A verbatim copy of the listing is needed; pictures are to be left out.

[The data]
+++
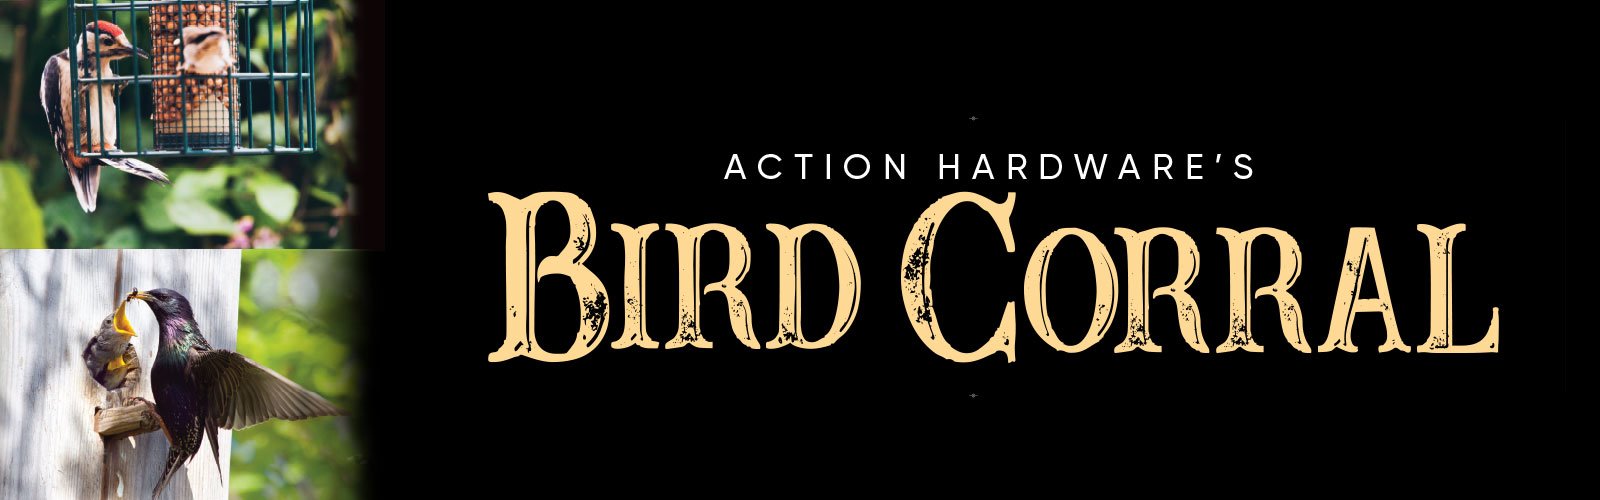 Action Hardware Bird Corral
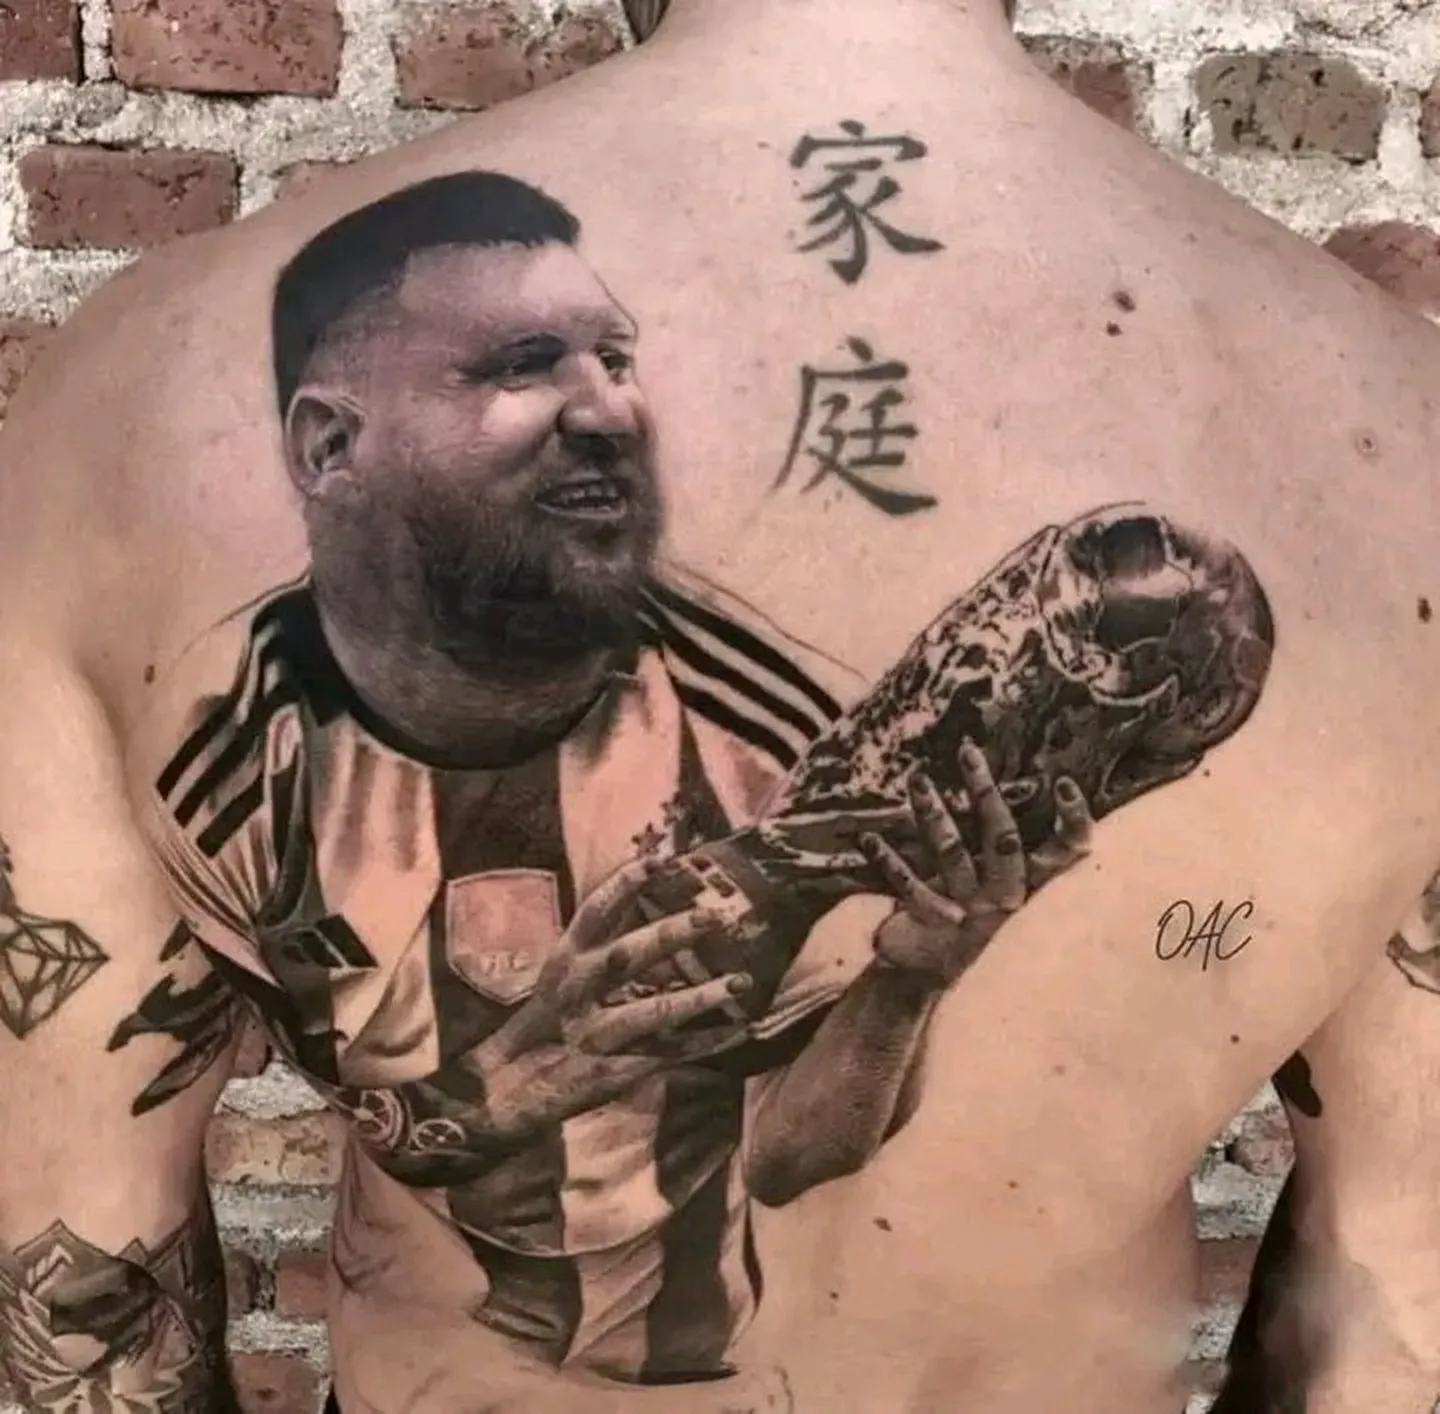 El hilo de Twitter que muestra los peores tatuajes del mundial • Canal C
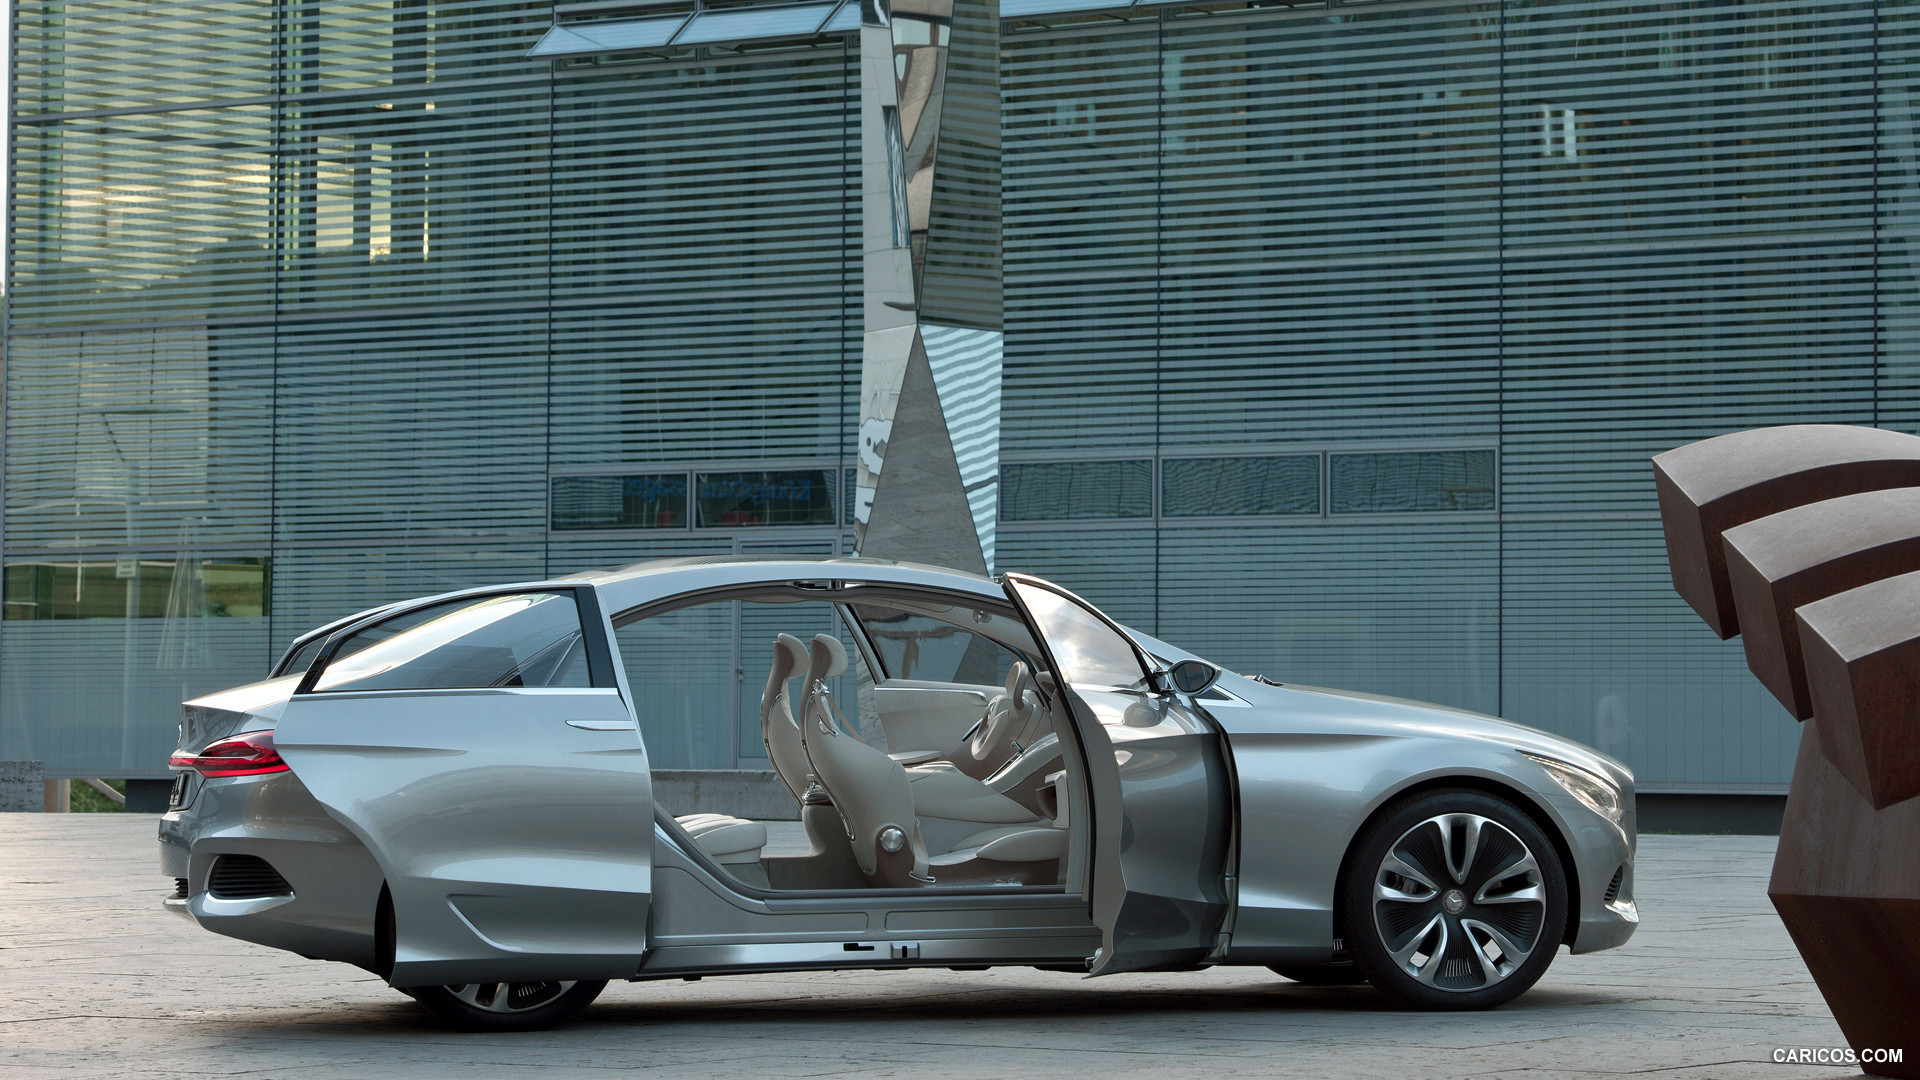 Mercedes-Benz F800 Style Concept (2010) - Doors Open - Side, #12 of 120
+++
[Output below]
 Action Hardware Bird Corral
 El hilo de Twitter que muestra los peores tatuajes del mundial • Canal C
 Mercedes-Benz F800 Style Concept (2010) - Doors Open - Side, #12 of 120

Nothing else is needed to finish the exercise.